Code developed during my internship at CERN Openlab in summer 2022

Primary LanguageJupyter NotebookApache License 2.0Apache-2.0

Performance Predictors for MLPF hyperparameter optimization

Predicting the performance of a Graph Neural Network for Particle-Flow reconstruction using (Quantum-)SVR

This project aims to asses the potential of using performance prediction techniques based on https://arxiv.org/abs/1705.10823 whit the goal of optimizing the hyperparameters of Machine Learning Particle Flow (MLPF) .

Practical Info

  • Use code/QSVR_experiment.ipynb to run a QSVR on multiple train/test splits and/or analize the results of this experiments. Saved results that can be analized without using quantum resources can be found in results/good_qsvr/chain_str_10.
  • Use code/QSVR_combination.ipynb to train and/or evaluate the combination technique that allows to use more training points on a QSVR. Saved results that can be analized without using quantum resources can be found in results/good_qsvr/combination.
  • Use code/saved_QSVR_true_vs_predicted_loss.ipynb to load a saved pre-trained QSVR and plot its predicted loss vs true loss for all the reconstruction techines. Some pre-trained QSVRs can be found in results/good_qsvr/chain_str_10.
  • code/SVR_training.ipynb can be used to train and store a performance predictor to be used later on later optimization scripts as both code/distributed_search.py andc ode/optimize.py need to load pretrained scalers and a regressor.
  • code/generate_data.py can be used to generate a CSV file of learning curves for a given model.

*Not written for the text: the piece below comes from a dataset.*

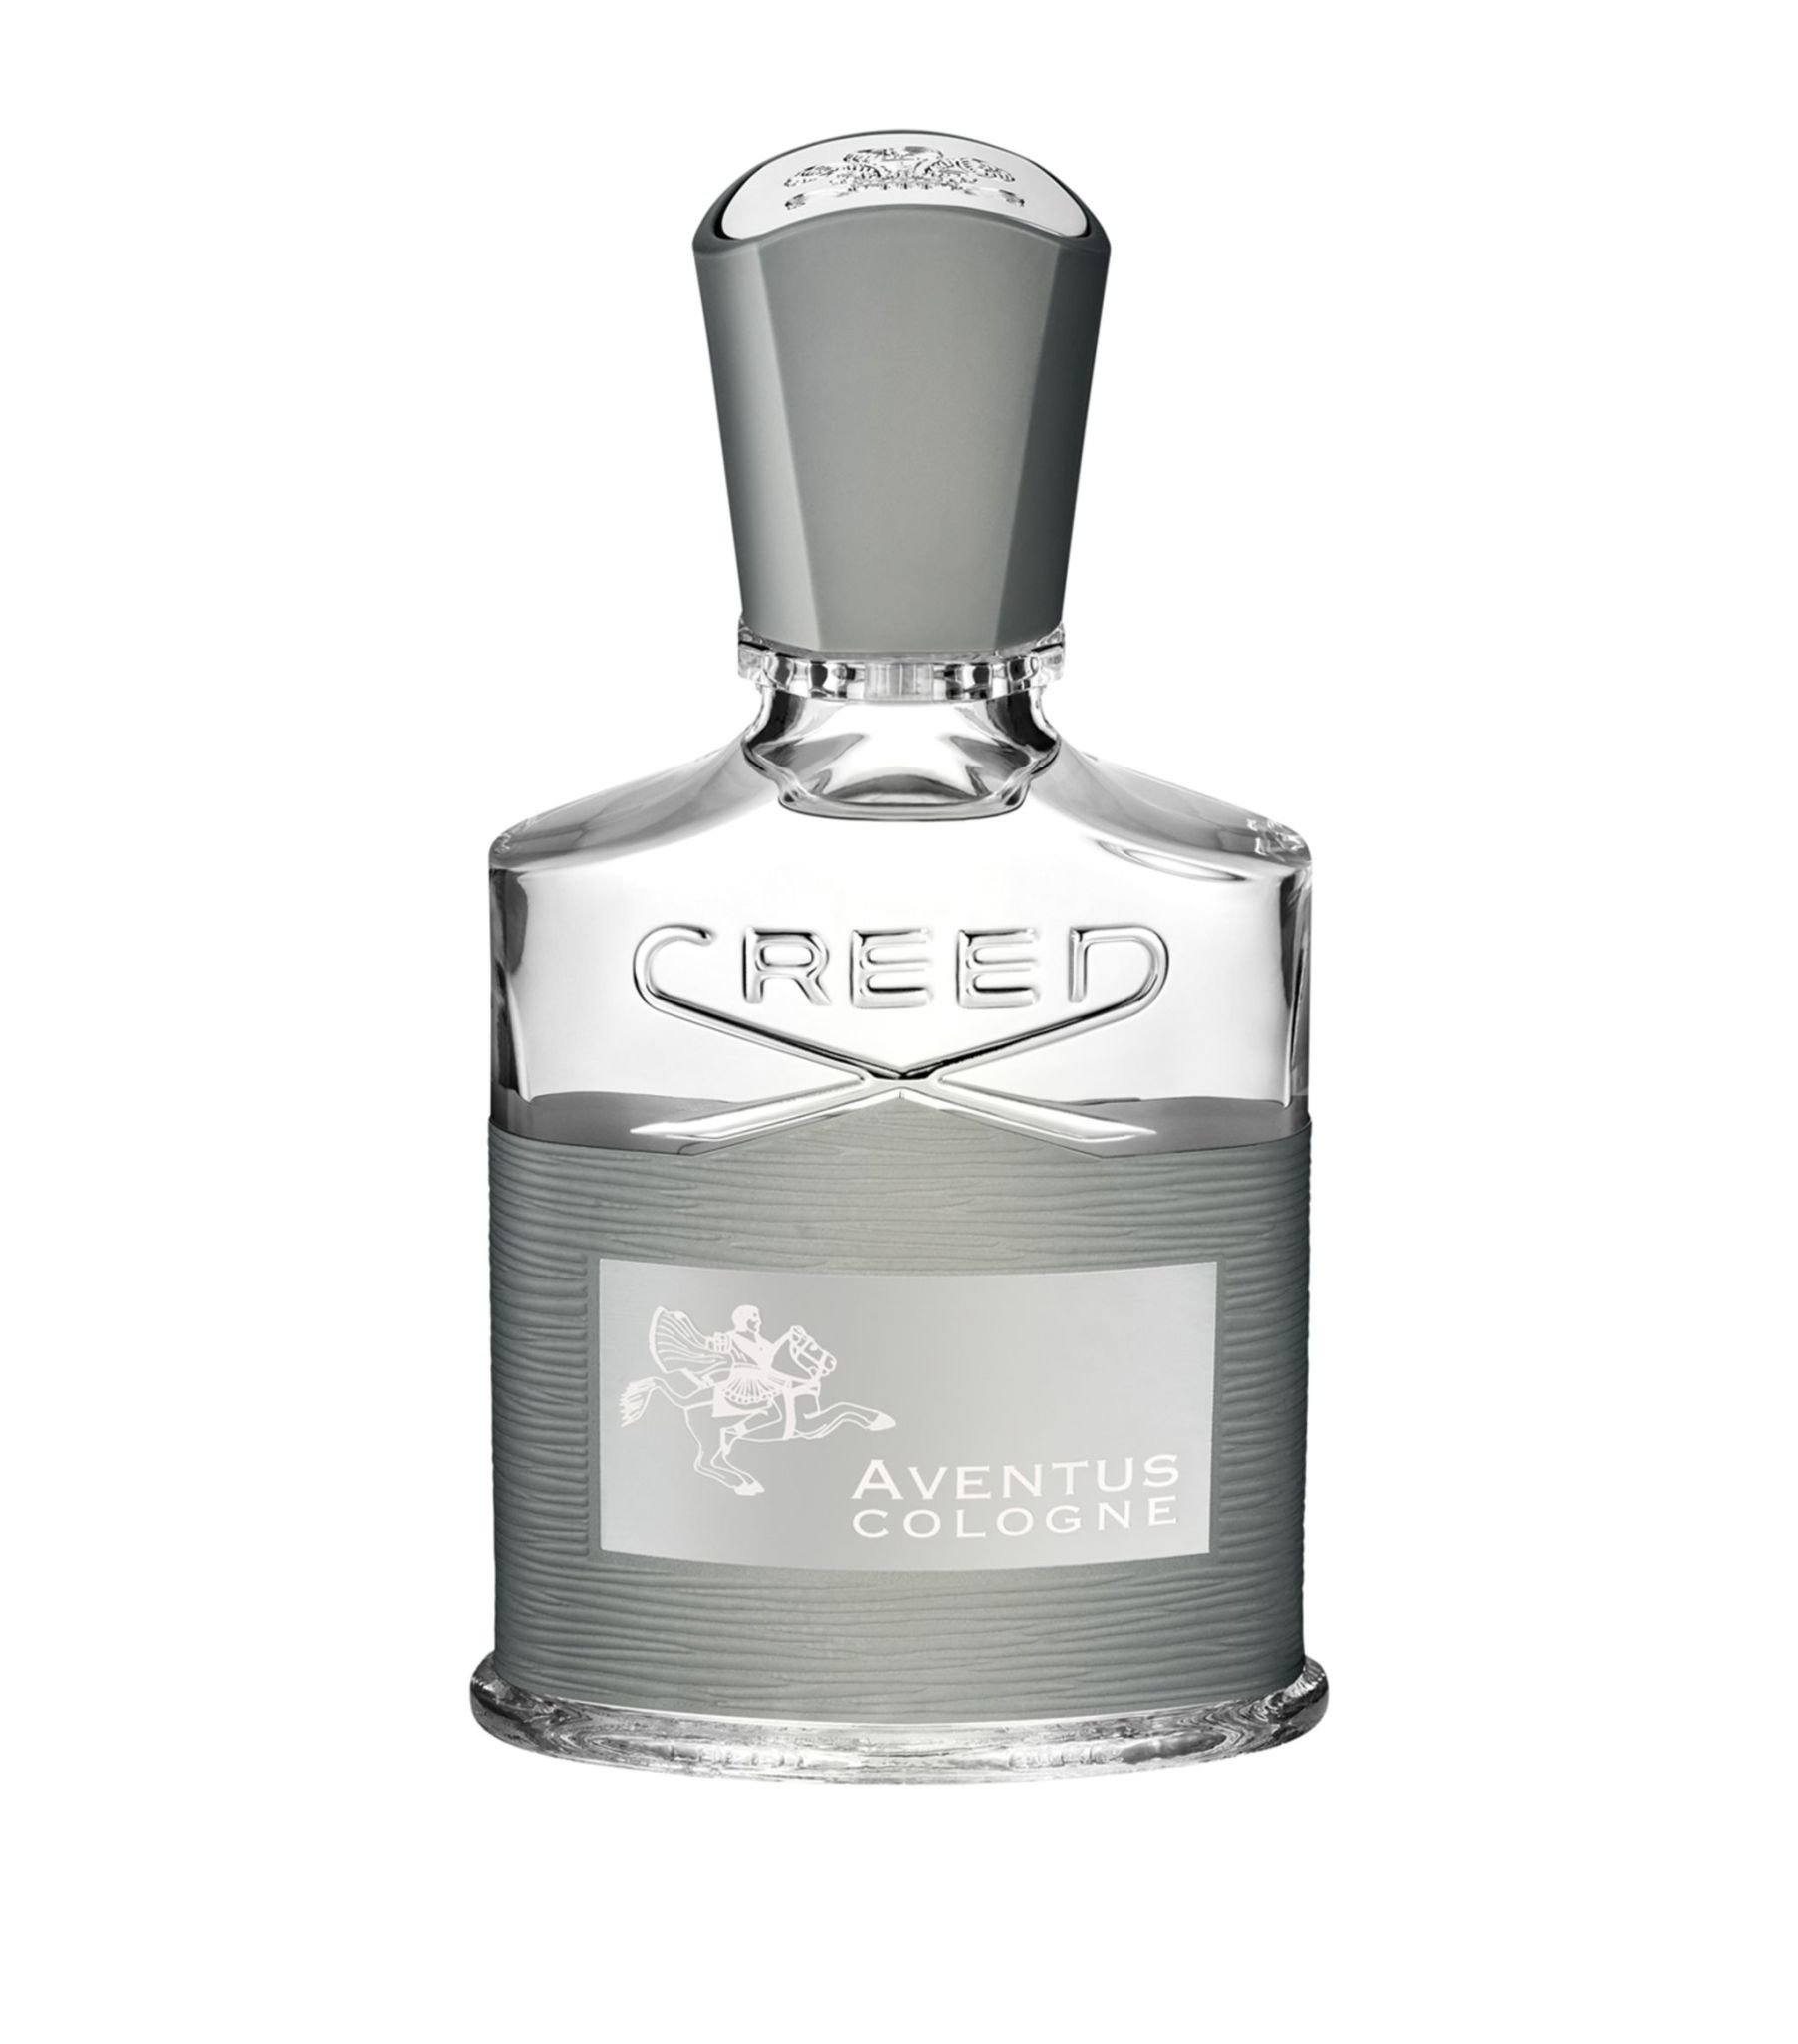  Creed Aventus Cologne, Men's Luxury Cologne, Dry Woods, Fresh &  Citrus Fruity Fragrance, 50ML : Video Games

To use a model other than the default one edit code/trial.py.
  • The plots stored in results/ can be generated with the notebook code/plots.ipynb.

Configuration

  • In order to be able to run the scripts that use QSVR class you need to have the code/qa_summer folder content not publicly available here.
  • Information on how to install and configure ocean (D-wave software) can be found here

Some plots

Importance of learning curve and diffs Importance of train size

Downsampled curve and small training set

Some QSVR results

Licensing

"The code in this project is licensed under Apache License 2.0 license."